For all the money that rolled into the company and Halpern’s scandalous £1M per year salary (it really was seen as scandalous!) our working environment was pretty poor. An open plan office (Top Shop were a floor below, Principles and Evans a floor above), it still bore the stamp of the Peter Robinson department store it once was. Lifts were inadequate, an icy blast roared in from the staircases at the back of the building (I wasn’t alone in often working in fingerless gloves) and the ceiling once collapsed above me. I took to wearing my cycling helmet (a gigantic 80s affair) for that morning, half in protest and half in jest. Hell, we all thought ourselves immortal in our 20s!
Air Studios occupied the top floor and sometimes teenyboppers would congregate outside on the rumour that Bros were warbling into microphones up there. One heard whispers that George Michael (known and liked by all the North London Greek dress suppliers) was in the house or maybe Eric Clapton, but the most famous singer I saw was Leo Sayer – at least I think so, but those long lunches addled the memory.
Such is the arrogance of youth that, by mid-1990, I was left cold by the tyranny of the weekly sales figures, finding it hard to get as excited with a win over Top Shop as once I did. I knew that I was good at interviewing applicants and at instilling the belief that was often the only thing between talented and hard-working young women and the step up into management. And I knew that the 90s would be a much tougher decade for retail than the 80s. I jumped ship and went off to teach what I had learned.
Thirty-odd years on, that decision looks hasty, but it wasn’t really. I never got bored with the work, never bitter about my lack of promotion, never complacent about fashion nor retail. Teaching merchandising through the 90s, I was always able to communicate that delight without ever having to mask the cynicism that young people are almost programmed to sense.
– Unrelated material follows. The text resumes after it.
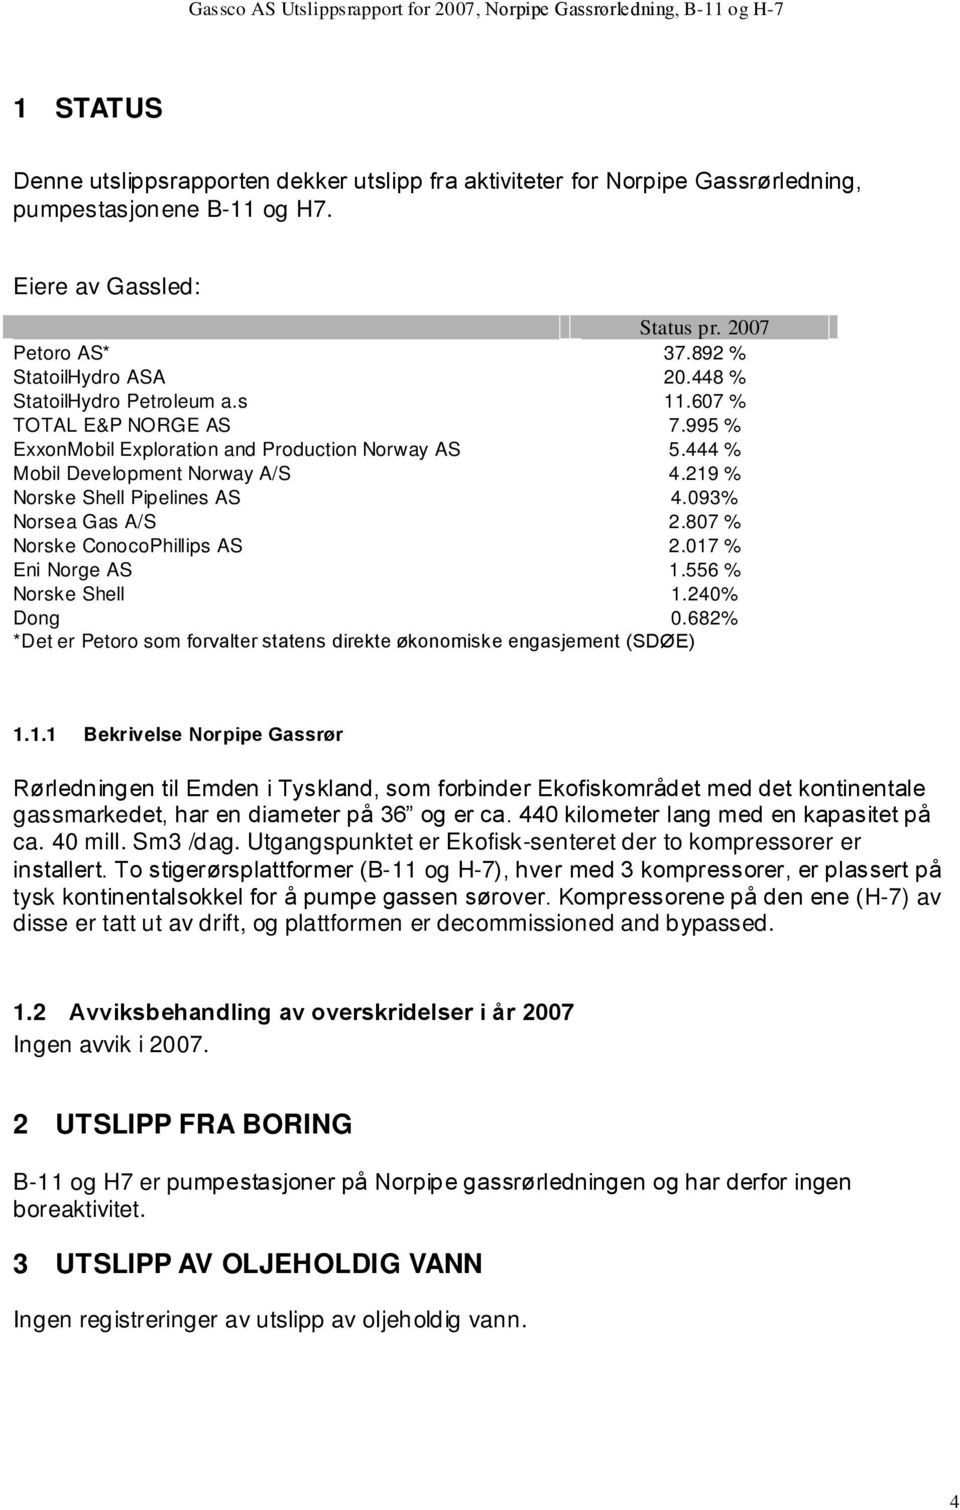 093% Norsea Gas A/S 2.807 % Norske ConocoPhillips AS 2.017

The cavalcade of interesting people at Dorothy Perkins made me a good teacher and a better person in so many ways – and I’m grateful.
So, while the name will soon fade into a footnote in the long tale of the British High Street’s strangulation at the hands of avaricious landlords, uninterested governments and tax regimes that favour robots over humans, dear old Dottie P’s stays within me, shaping more of my life than ever I would have guessed that sunny Friday afternoon in July 1986. Lucky boy indeed.